Настя и сама принялась всхлипывать, готовая поддаться
нормальной материнской истерике. Её рука ещё хранила тепло
маленькой ладошки сына с того момента, когда толпа безжалостно
разъединила их на перекрестке между палатками. Настя
попыталась пробиться назад, туда, где в последний раз видела
Артёма, но как же, пробьёшься через людей, которым надо
совсем в другую сторону! Тогда она решила обойти пятачок
палаток и вернуться на то место с другой стороны,
но, в слезах, наткнулась на помеху.
Чья-то сильная рука придержала её от увлекающего
в совсем ненужное Насте направление потока людей. Настя
подняла голову, вытирая слёзы ладонью, и увидела настоящий
ужас — высокий и широкий мужик, с бритой головой
и лицом бандита, хмуро смотрел на нее. А Настя
пялилась на него, не зная, как обойти и что сказать,
и только крепче прижала Ленку к себе. Наконец, браток
спросил раздраженно:
— Ты чего?
— У меня ребёнок потерялся, — проблеяла Настя.
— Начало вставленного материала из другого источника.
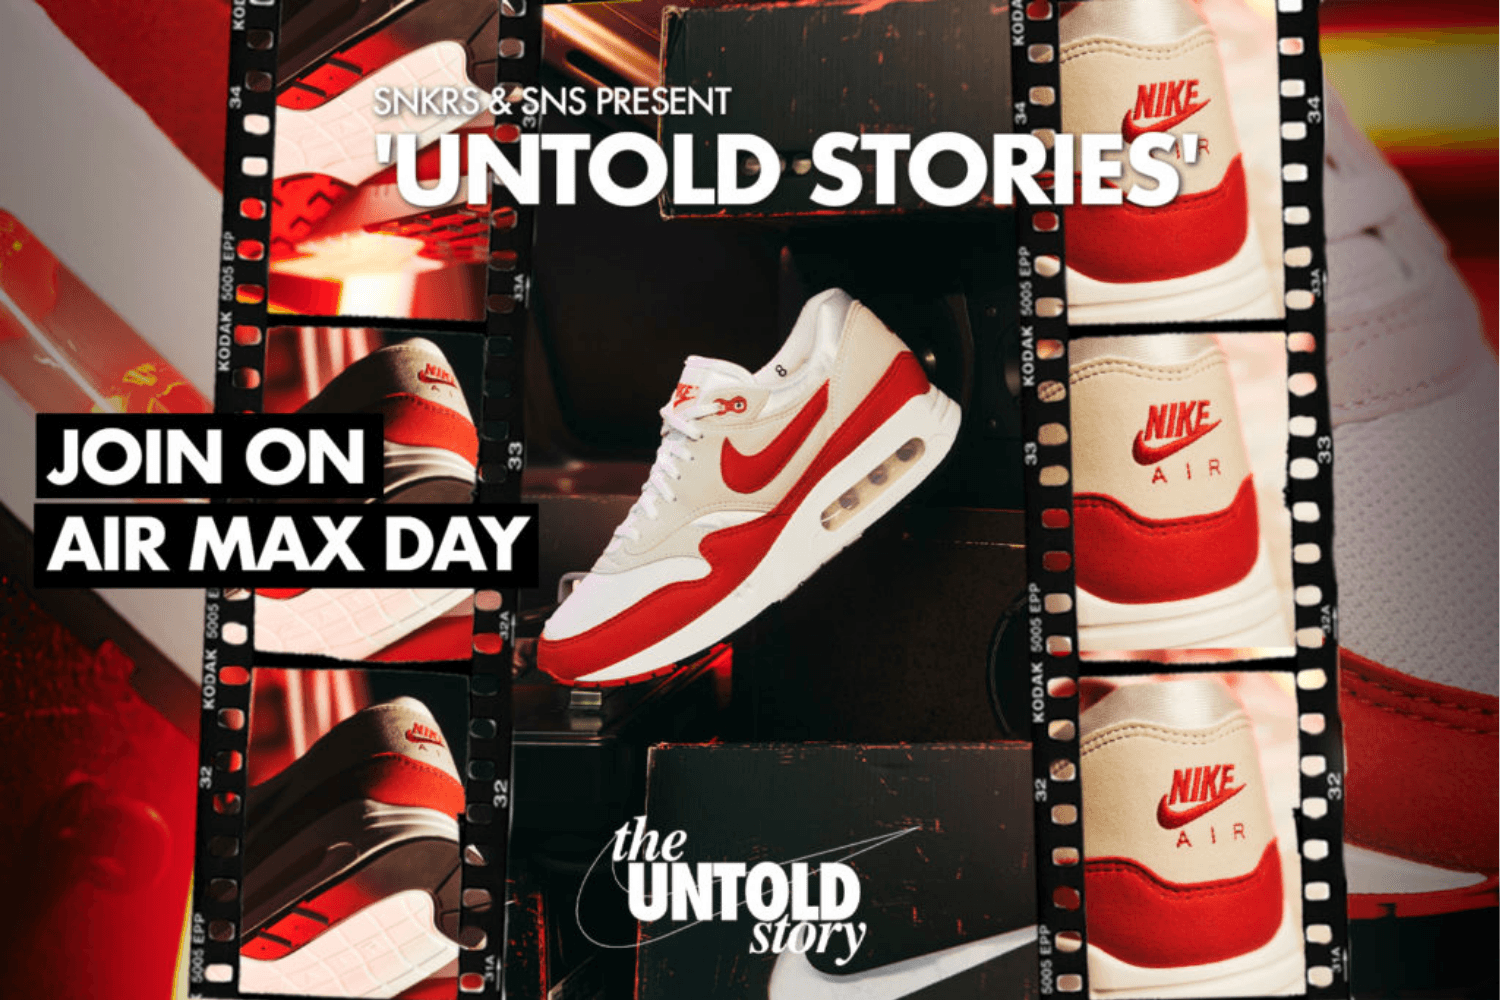 Das Nike 'Untold Stories' Event in Paris am Air Max Day

Мужик бросил взгляд на спящую Ленку, и Настя спешно
добавила:
— Мальчик. Шести лет.
Браток покачал головой и, не отпуская Настиной руки, повёл
её за собой. Идти за ним оказалось легко
и приятно — он рассекал толпу людей, словно ледокол,
давая возможность катеру-Насте спокойно плыть в фарватере.
Он привел её в бюро, где сидела дородная пожилая тётка, сам
продиктовал и расплатился за объявление, уточнив
у Насти детали, и над стадионом поплыл гнусавый голос,
призывающий к посетителям привести потерявшегося мальчика
Артёма шести лет, одетого в синюю курточку с роботом
на спине и зелёную трикотажную шапочку с надписью
Адидас. Настя опустилась на предложенный ей стул, сама
не своя от переживаний, и приведший её парень
неловко затоптался рядом. Она не поняла, почему он
не ушел, но покорно приняла из его руки пакет
бумажных салфеток, наспех вытерла глаза и красный
от холода и слёз нос. Парень сказал, желая утешить
Настю:
— Найдётся он… Сколько теряются здесь — всех приводят,
правда, Семёновна?
— А как жеж! — кивнула тётка, перебирая бумажки
на столе. — По двадцать детишков за месяц
объявляем! Только, конечно, больше папаши теряют. И всех
приводют, а что, цыган-то тут нету, а кому еще мелкие-то
нужны…
Настя слушала вполуха. Нужен то Артёмка только ей, это
неоспоримо, а вот что он должен испытывать в этот момент,
она даже представить не могла. И так он у неё
забитый, всего боящийся, а в толпе незнакомых людей,
наверное, вообще голову потерял.
Дверь раскрылась, и женщина средних лет заглянула
в помещение:
— Добрый день! Это сюда мальчика, который потерялся?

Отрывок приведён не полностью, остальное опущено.